Hi @Wenwen-Chen , sorry for the late response, per my understanding, io_uring should not have benefit for such kind of case, your result of
disable Rewritehas proven that.
io_uring doesn't bring perfromance improvment on ‘disable Rewrite’ scenario when compared with write SYSCALL ( io_uring: 60336.46 vs write: 61722.51, https://github.com/valkey-io/valkey/pull/750#issuecomment-2220008106).
However, we should focus on 'enable Rewrite' scenario instead of 'disable Rewrite'. User usually enable rewrite feature in the production environment when he/she turns on AOF!
io_uring improves perfromance significantly on 'enable Rewrite' scenario(io_uring: 72835.51 vs write: 59576.85, https://github.com/valkey-io/valkey/pull/750#issuecomment-2220008106). According to https://github.com/valkey-io/valkey/pull/750#issuecomment-2277412963 , Valkey get best performance due to io_uring reduces the execution time of flushAppendOnlyFile.
@Wenwen-Chen
I'm completely mediocre on the io_uring internals and fsync as well. But did you try setting affinity for background processes and AOF rewrite while doing your benchmark? Will it get the same boost with correctly configured affinity (I mean different physical cores for the main and background threads, not virtual ones like HT or SMT)?

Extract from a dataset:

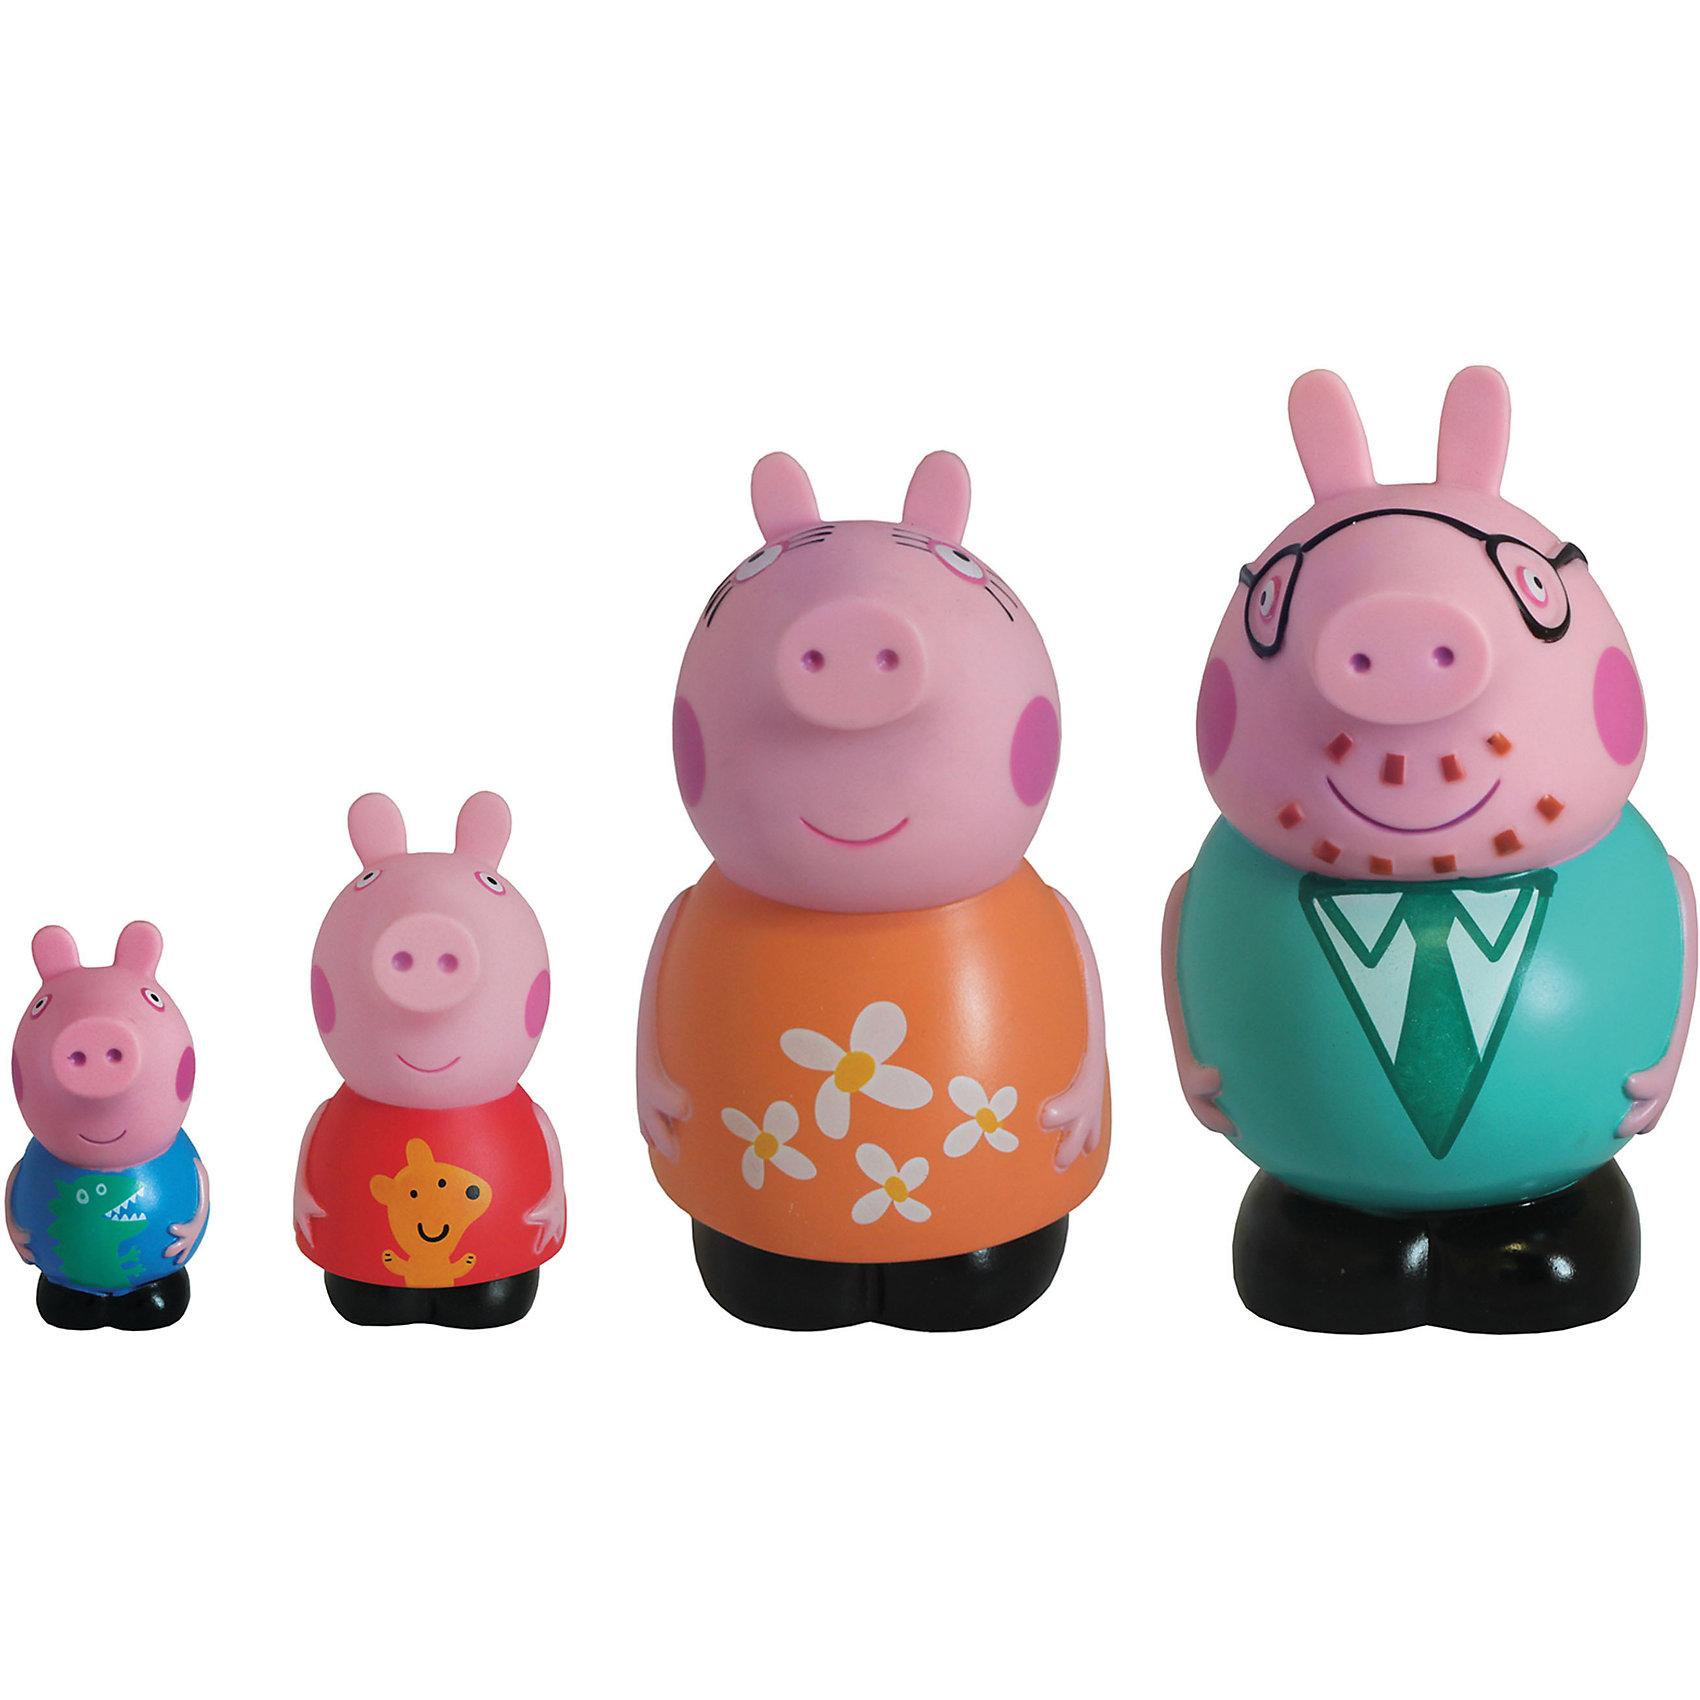 Игровой набор Семья Пеппы, Свинка ПеппаСвинка Пеппа<br>Детишки обожают мультфильм «Свинка Пеппа» (Peppa Pig), поэтому игровой набор «Семья Пеппы»  «Peppa Pig» придется по душе любому из них. С резиновыми фигурками малыш может увлеченно играть и дома, и на улице, и даже в ванне. Их яркая окраска улучшает цветовосприятие малютки, а приятная на ощупь поверхность развивает тактильные ощущения. <br>Обыгрывая взаимоотношения Пеппы с ее родителями и братиком, малыши приобщаются к семейным ценностям, обмениваются своим опытом и развивают фантазию.&#13;<br><br>Дополнительная информация:<br><br>В наборе 4 фигурки из пластизоля: Джордж (8 см), Пеппа (10 см), мама (12 см), папа (14 см).<br><br>Игровой набор Семья Пеппы, Свинка Пеппа (Peppa Pig)можно купить в нашем магазине.<br><br>Ширина мм: 120<br>Глубина мм: 95<br>Высота мм: 150<br>Вес г: 253<br>Возраст от месяцев: 36<br>Возраст до месяцев: 2147483647<br>Пол: Унисекс<br>Возраст: Детский<br>SKU: 4102302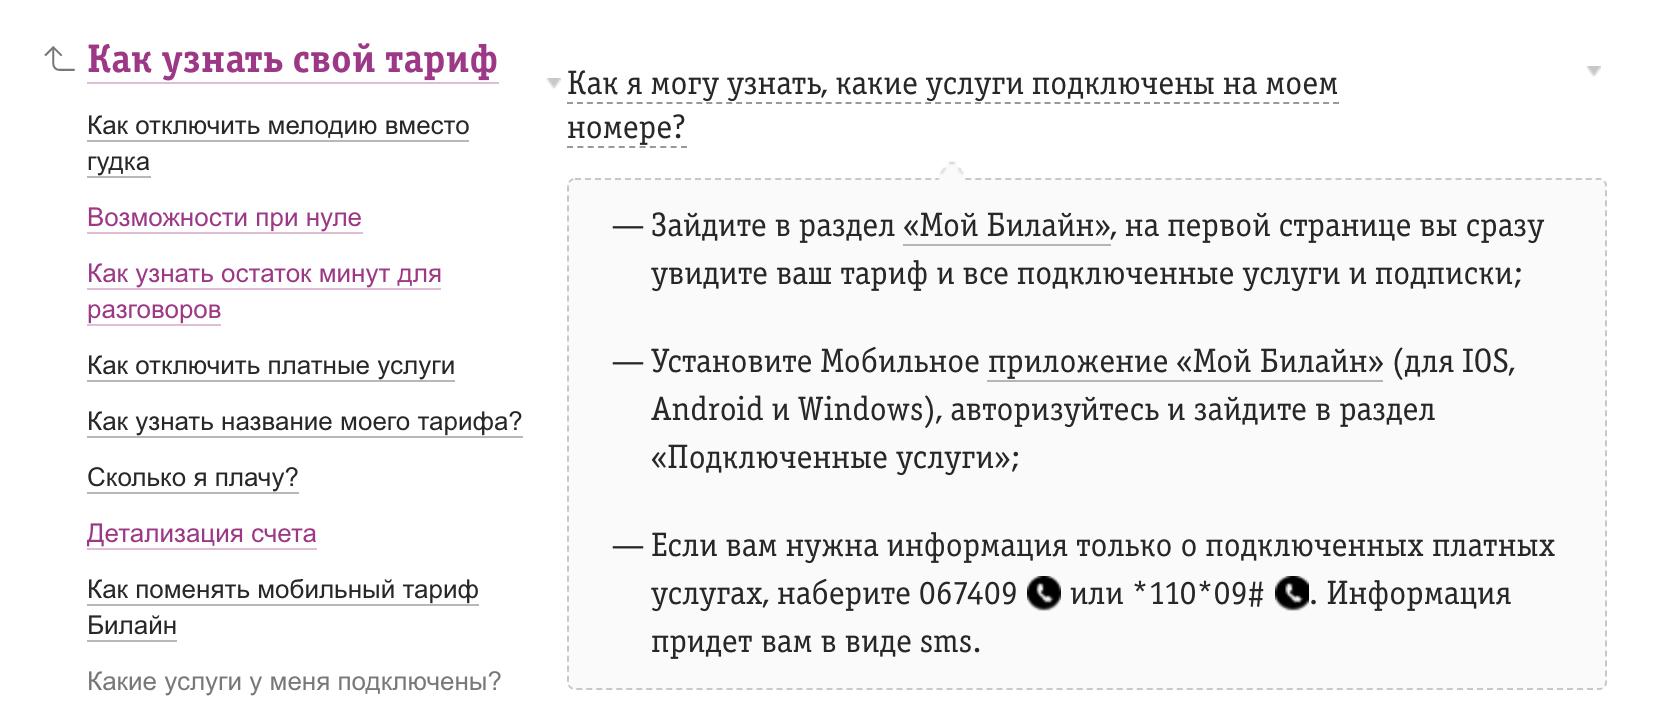 как узнать какие услуги подключены мтс россия процентная ставка в тинькофф банке потребительский кредит

https://github.com/valkey-io/valkey/blob/e30ae762a8ec7f531005fab90edd275dfa98f72f/valkey.conf#L2374C1-L2388C25
# server-cpulist 0-7:2 # bio-cpulist 1,3 # aof-rewrite-cpulist 8-11 # bgsave-cpulist 1,10-11
@Wenwen-Chen do you plan to work on this?
@Wenwen-Chen do you plan to work on this?
Hi, @xbasel I really want to promote this patch, However, I am not expert of Valkey. I have not found the root reason why io_uring enbale + rewrite enable reduces the time of fdatasync. Do you have any suggestion?
@Wenwen-Chen
I'm completely mediocre on the io_uring internals and fsync as well. But did you try setting affinity for background processes and AOF rewrite while doing your benchmark? Will it get the same boost with correctly configured affinity (I mean different physical cores for the main and background threads, not virtual ones like HT or SMT)?
Hi @egbaydarov, thank you very much for your suggestion. It got the same boost with correctly configured affinity.